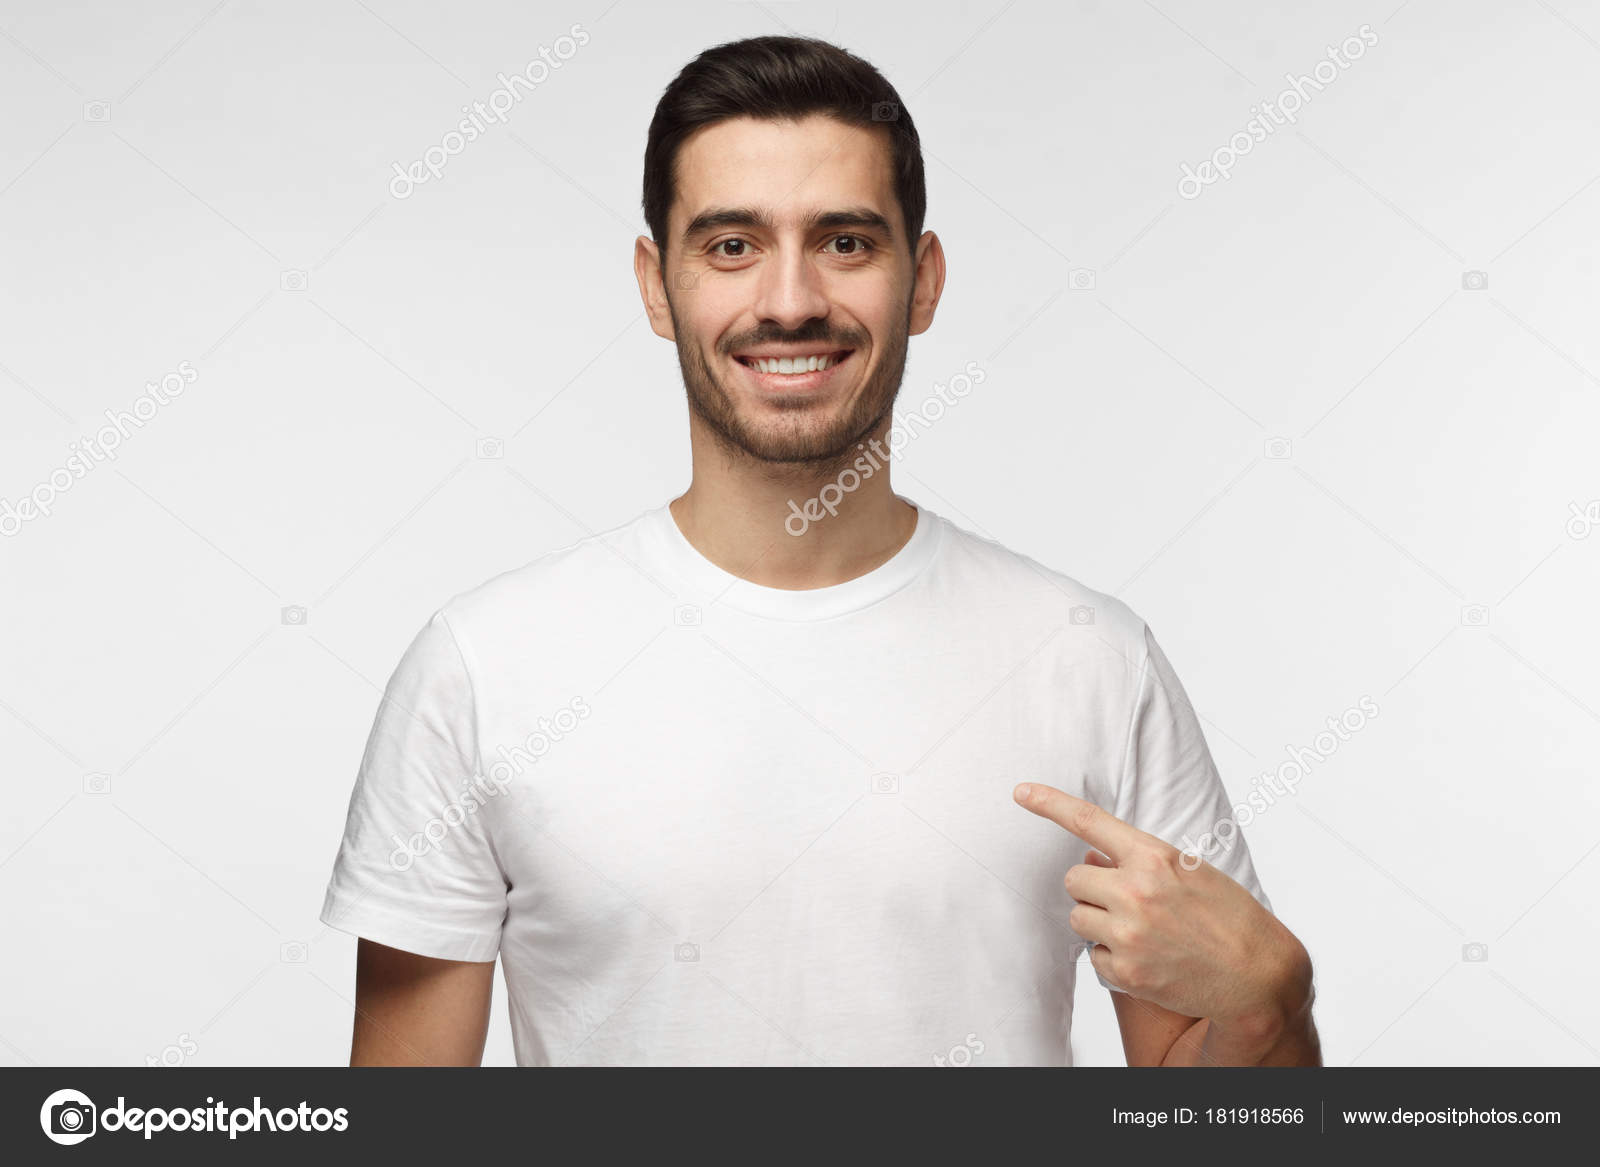 Diseño de camisetas y concepto de publicidad: un niño sonriente con una camiseta  blanca en blanco apuntándose a sí misma
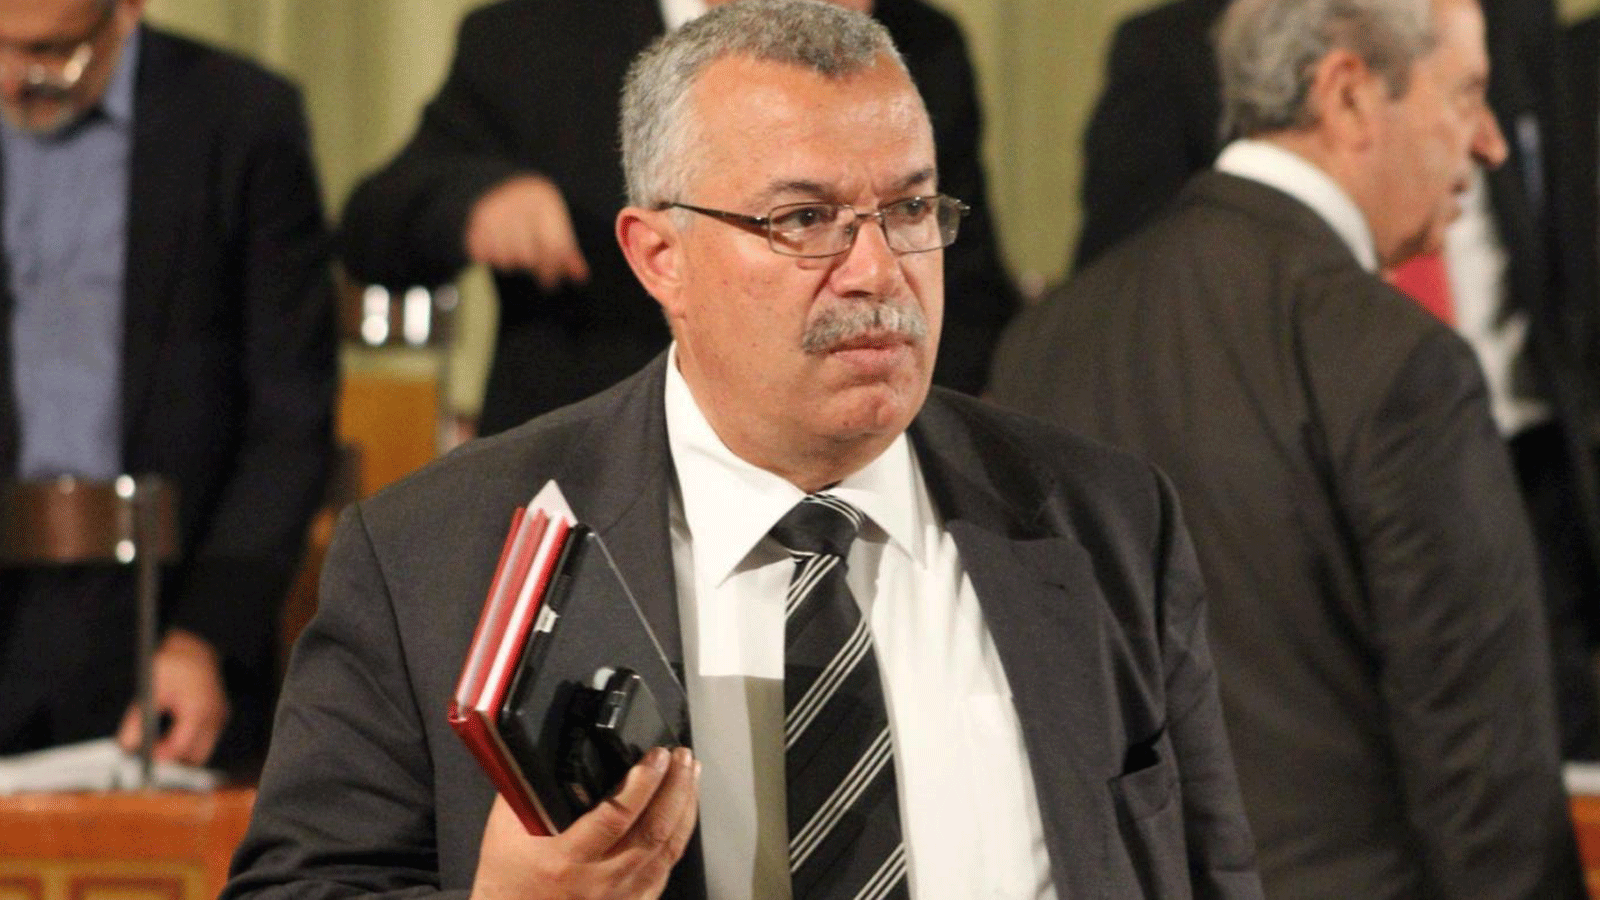 دوافع توقيف نائب رئيس حزب النهضة التونسي ومكان احتجازه لا تزال مجهولة
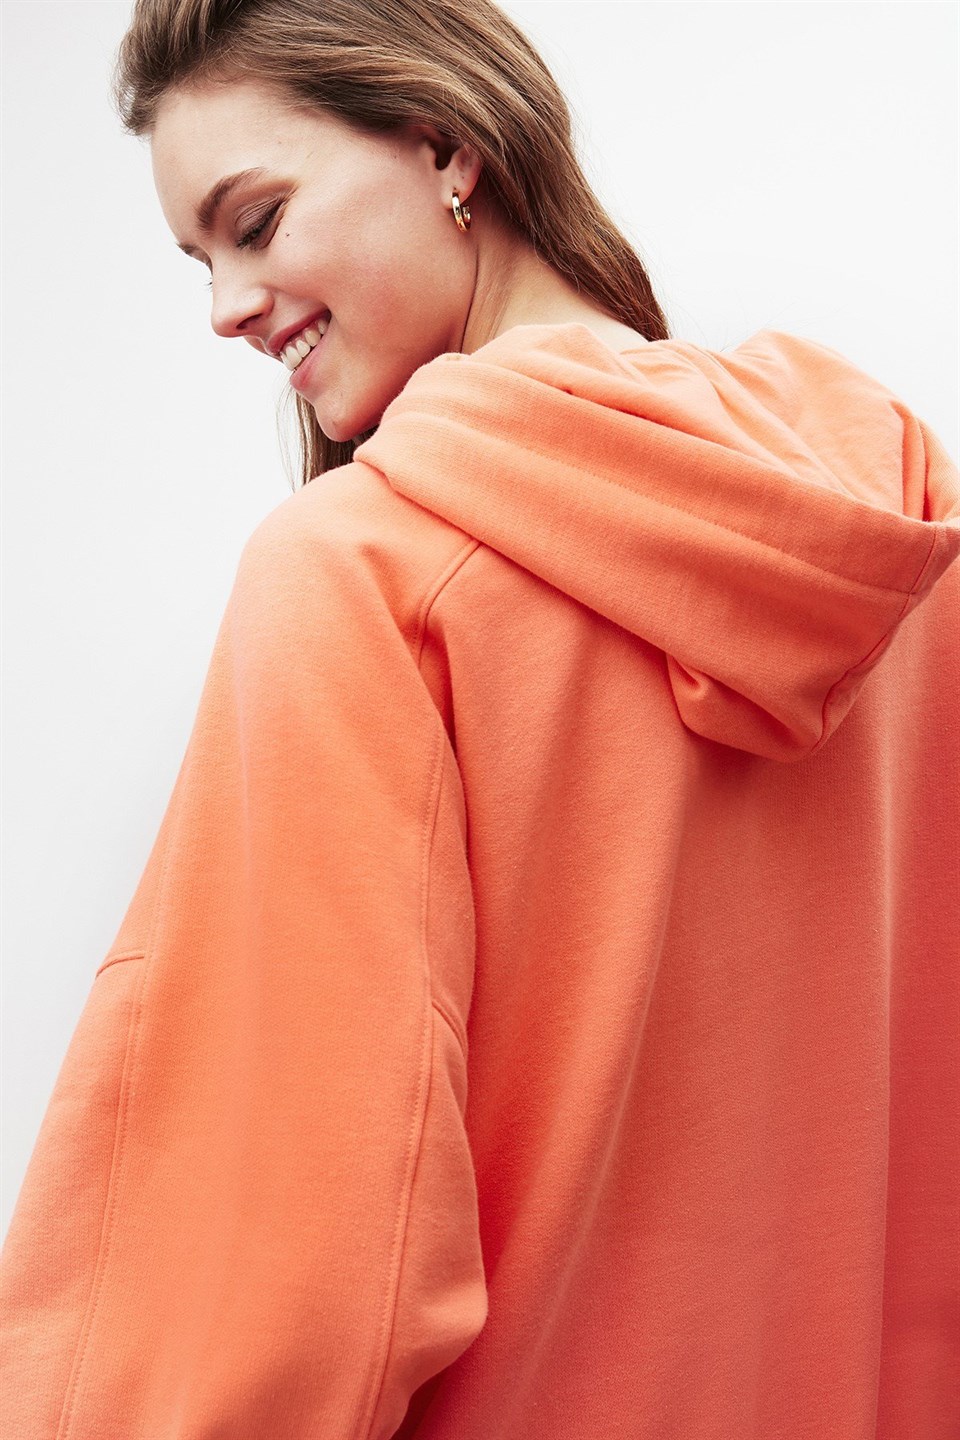 VIENNA Kadın Nar Çiçeği Düz Renk Kapüşonlu Ekstra Oversize Sweatshirt

^^^^^^^^

In full and without change, repeat the material above, minus the pictures.

TASK SOLUTION>
 Diseño de camisetas y concepto de publicidad: un niño sonriente con una camiseta  blanca en blanco apuntándose a sí misma
 دوافع توقيف نائب رئيس حزب النهضة التونسي ومكان احتجازه لا تزال مجهولة
 VIENNA Kadın Nar Çiçeği Düz Renk Kapüşonlu Ekstra Oversize Sweatshirt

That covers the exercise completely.